* _Work to complete_
Transcribe, exactly as they appear, only the lines from the one holding "(Lokal Media Markt" through the end of the entries below.

Stored items from a collection
·····

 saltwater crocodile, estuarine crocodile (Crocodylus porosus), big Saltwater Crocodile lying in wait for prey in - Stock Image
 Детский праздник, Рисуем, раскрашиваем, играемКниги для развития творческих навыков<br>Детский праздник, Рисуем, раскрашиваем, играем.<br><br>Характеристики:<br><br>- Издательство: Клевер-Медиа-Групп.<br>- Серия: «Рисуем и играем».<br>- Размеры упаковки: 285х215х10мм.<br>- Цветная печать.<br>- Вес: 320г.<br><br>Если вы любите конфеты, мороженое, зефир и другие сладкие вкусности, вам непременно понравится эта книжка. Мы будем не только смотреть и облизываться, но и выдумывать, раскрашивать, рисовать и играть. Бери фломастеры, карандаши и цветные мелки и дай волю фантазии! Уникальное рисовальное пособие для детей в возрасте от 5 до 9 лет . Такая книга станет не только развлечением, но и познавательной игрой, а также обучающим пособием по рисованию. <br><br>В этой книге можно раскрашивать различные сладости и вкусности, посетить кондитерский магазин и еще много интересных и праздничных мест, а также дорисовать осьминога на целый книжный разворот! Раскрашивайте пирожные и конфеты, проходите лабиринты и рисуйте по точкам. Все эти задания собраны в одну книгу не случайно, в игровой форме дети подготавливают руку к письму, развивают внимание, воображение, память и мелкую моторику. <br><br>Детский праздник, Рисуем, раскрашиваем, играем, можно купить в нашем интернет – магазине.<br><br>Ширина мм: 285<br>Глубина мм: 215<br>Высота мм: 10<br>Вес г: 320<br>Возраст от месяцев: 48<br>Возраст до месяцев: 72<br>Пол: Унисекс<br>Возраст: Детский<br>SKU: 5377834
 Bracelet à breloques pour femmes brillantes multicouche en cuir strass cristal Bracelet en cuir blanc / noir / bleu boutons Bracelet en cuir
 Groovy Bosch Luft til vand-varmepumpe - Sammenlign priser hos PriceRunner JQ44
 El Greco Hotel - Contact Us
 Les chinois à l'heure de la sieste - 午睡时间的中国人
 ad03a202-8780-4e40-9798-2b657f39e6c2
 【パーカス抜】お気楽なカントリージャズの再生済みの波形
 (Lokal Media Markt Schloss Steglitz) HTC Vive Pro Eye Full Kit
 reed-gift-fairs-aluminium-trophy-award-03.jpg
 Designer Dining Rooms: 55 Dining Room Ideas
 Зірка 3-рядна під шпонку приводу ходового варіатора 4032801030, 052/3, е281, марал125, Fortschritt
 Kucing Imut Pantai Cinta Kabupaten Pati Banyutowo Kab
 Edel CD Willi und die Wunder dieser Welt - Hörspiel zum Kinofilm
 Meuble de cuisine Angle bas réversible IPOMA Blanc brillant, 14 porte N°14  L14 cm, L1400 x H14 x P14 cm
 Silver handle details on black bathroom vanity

·····

* _Solution_
 (Lokal Media Markt Schloss Steglitz) HTC Vive Pro Eye Full Kit
 reed-gift-fairs-aluminium-trophy-award-03.jpg
 Designer Dining Rooms: 55 Dining Room Ideas
 Зірка 3-рядна під шпонку приводу ходового варіатора 4032801030, 052/3, е281, марал125, Fortschritt
 Kucing Imut Pantai Cinta Kabupaten Pati Banyutowo Kab
 Edel CD Willi und die Wunder dieser Welt - Hörspiel zum Kinofilm
 Meuble de cuisine Angle bas réversible IPOMA Blanc brillant, 14 porte N°14  L14 cm, L1400 x H14 x P14 cm
 Silver handle details on black bathroom vanity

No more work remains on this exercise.